> **Your assignment**:
Pictures are not part of the copy; reproduce the remaining data exactly.

> **Supplied information**:
▼▼▼
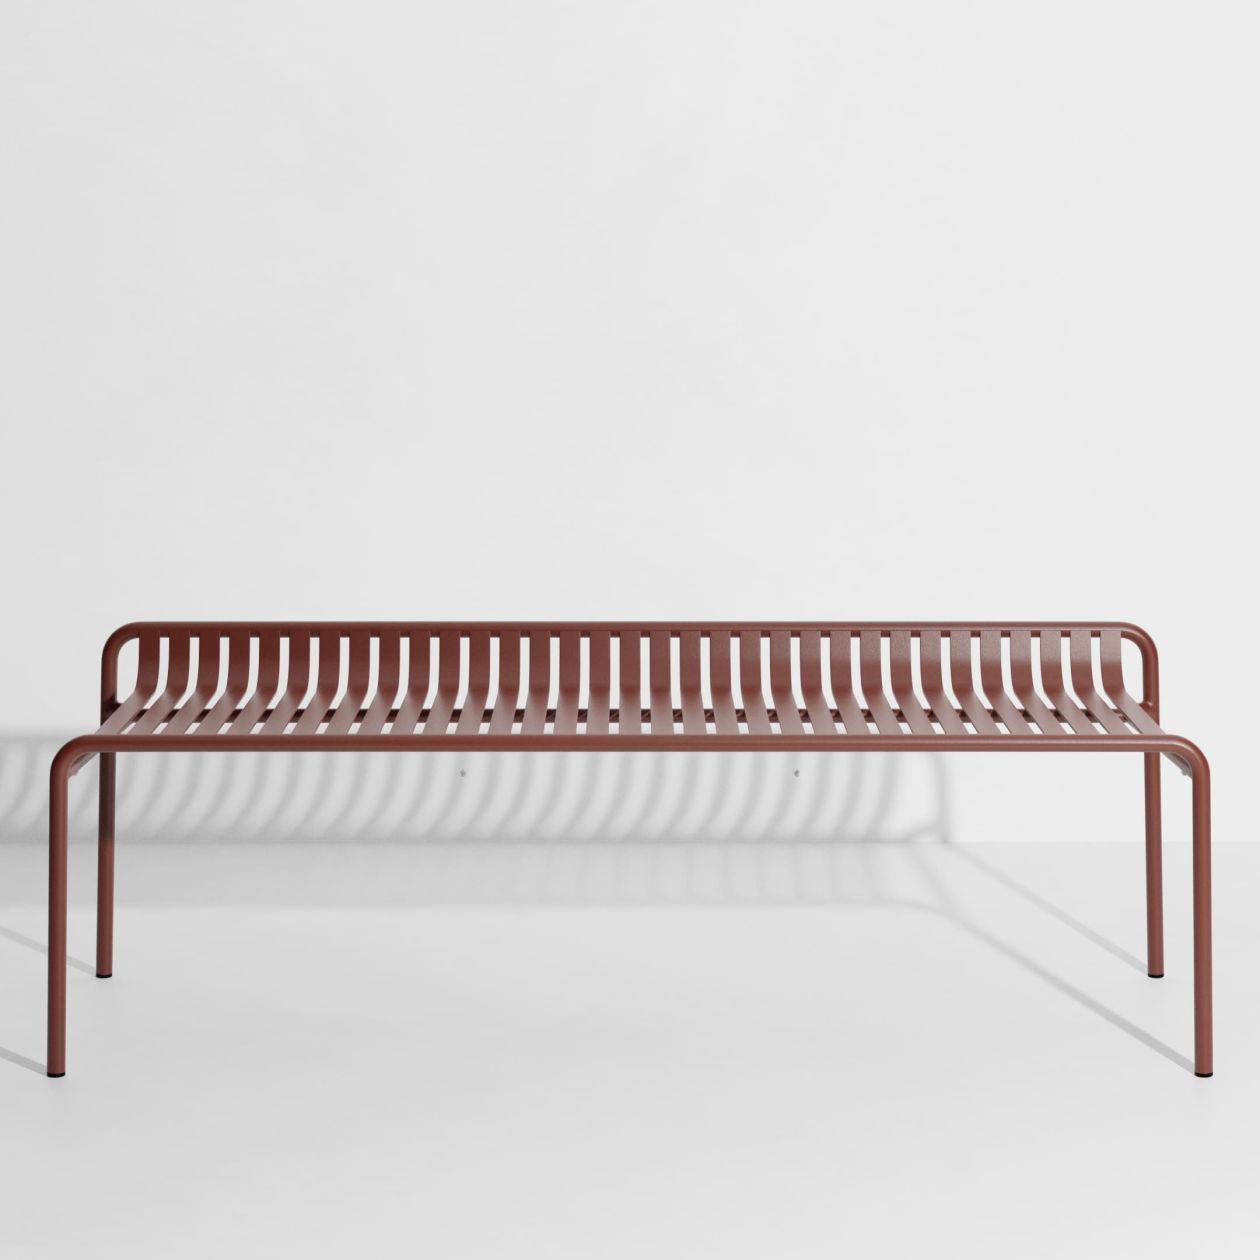 Week-End Backless Bench - Red brown
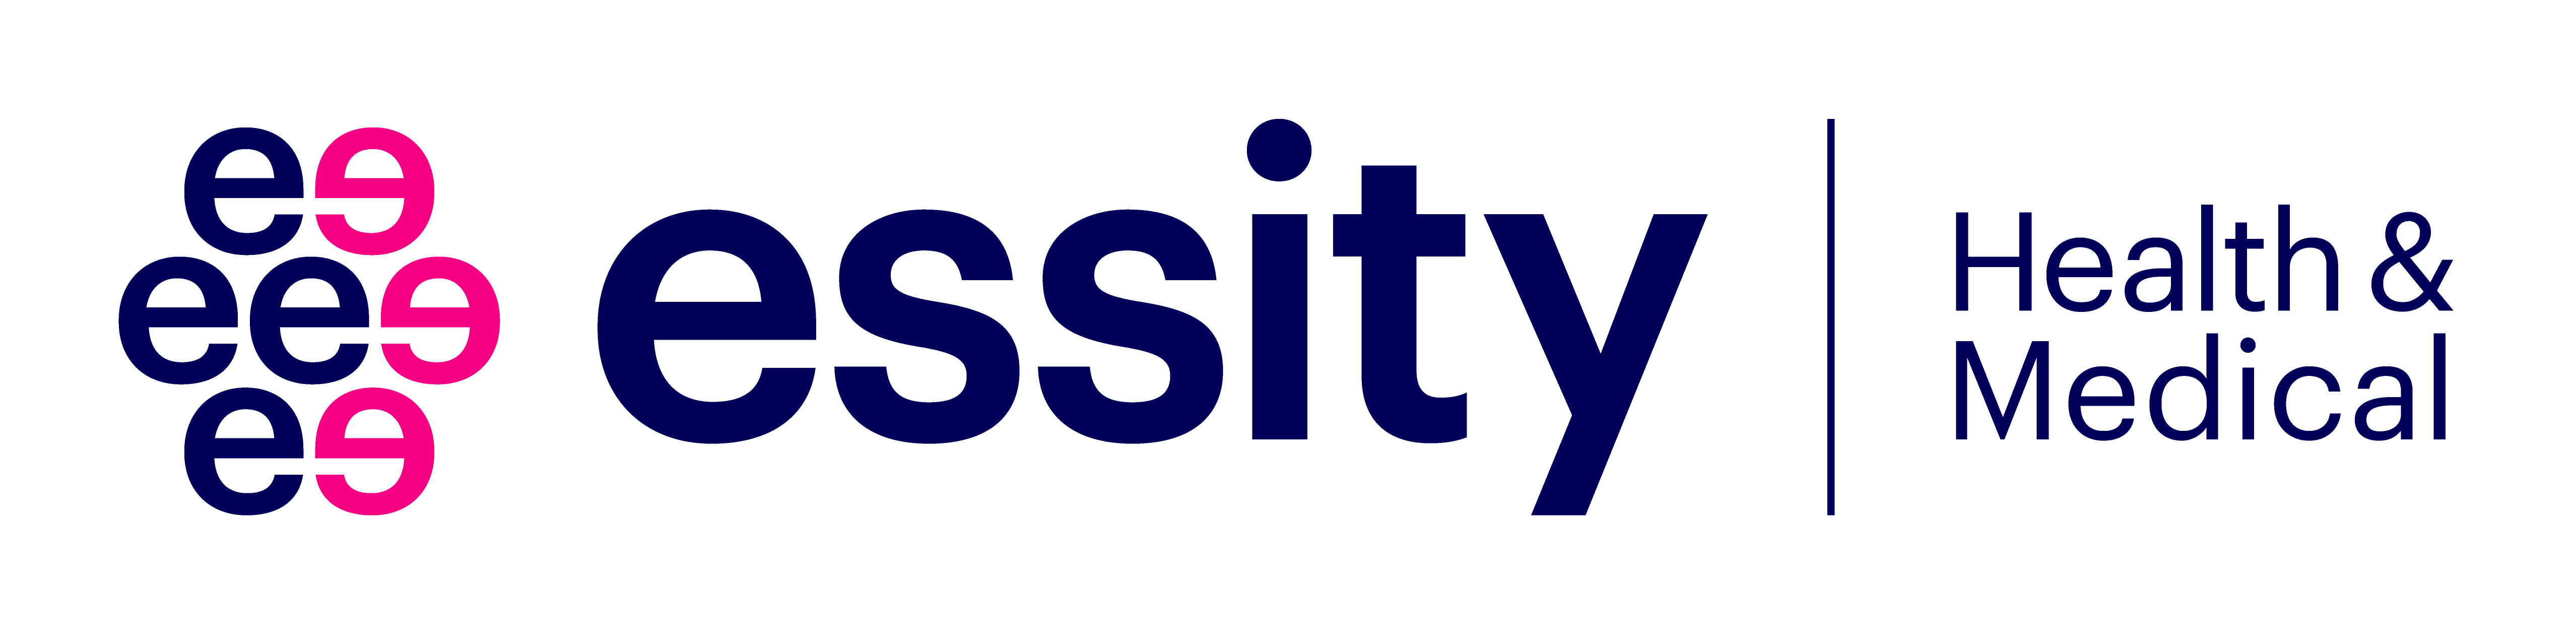 Essity-HM-Logo-office-primary-version.png
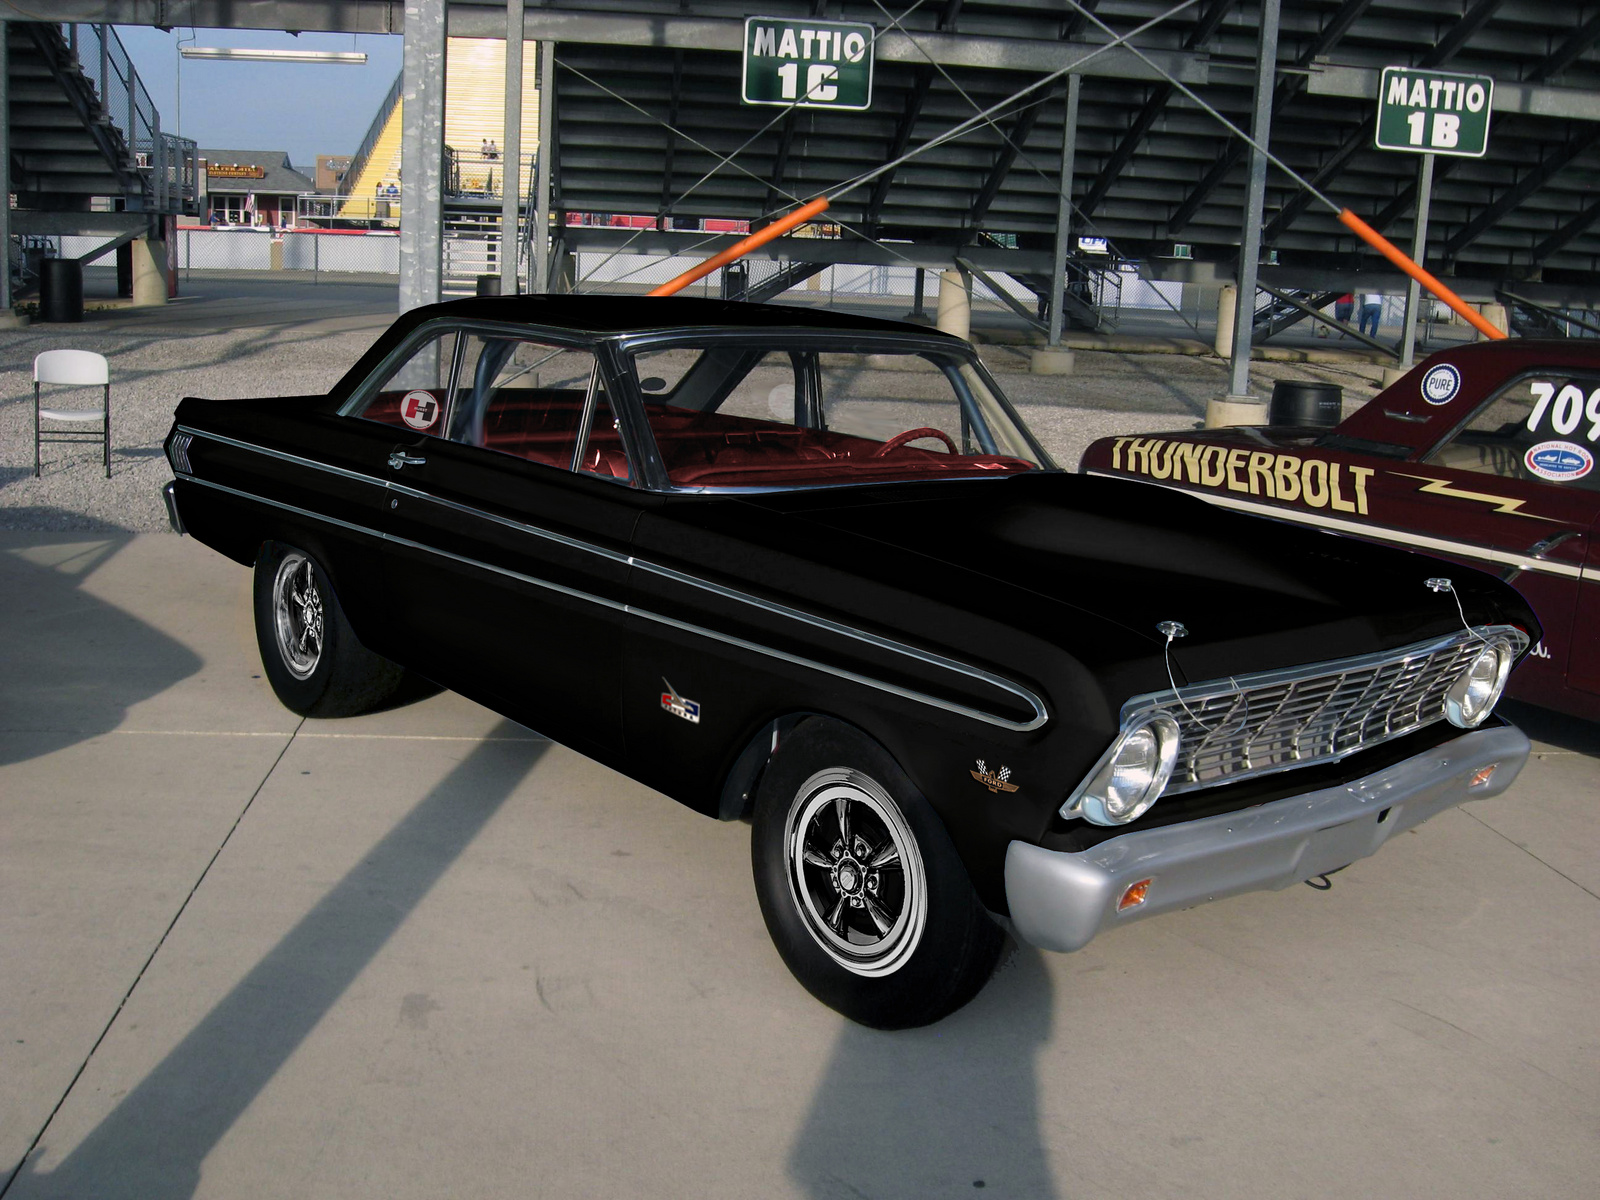 1964 Ford Falcon HD wallpapers, Desktop wallpaper - most viewed
▲▲▲
> **The completed task**:
 Week-End Backless Bench - Red brown
 Essity-HM-Logo-office-primary-version.png
 1964 Ford Falcon HD wallpapers, Desktop wallpaper - most viewed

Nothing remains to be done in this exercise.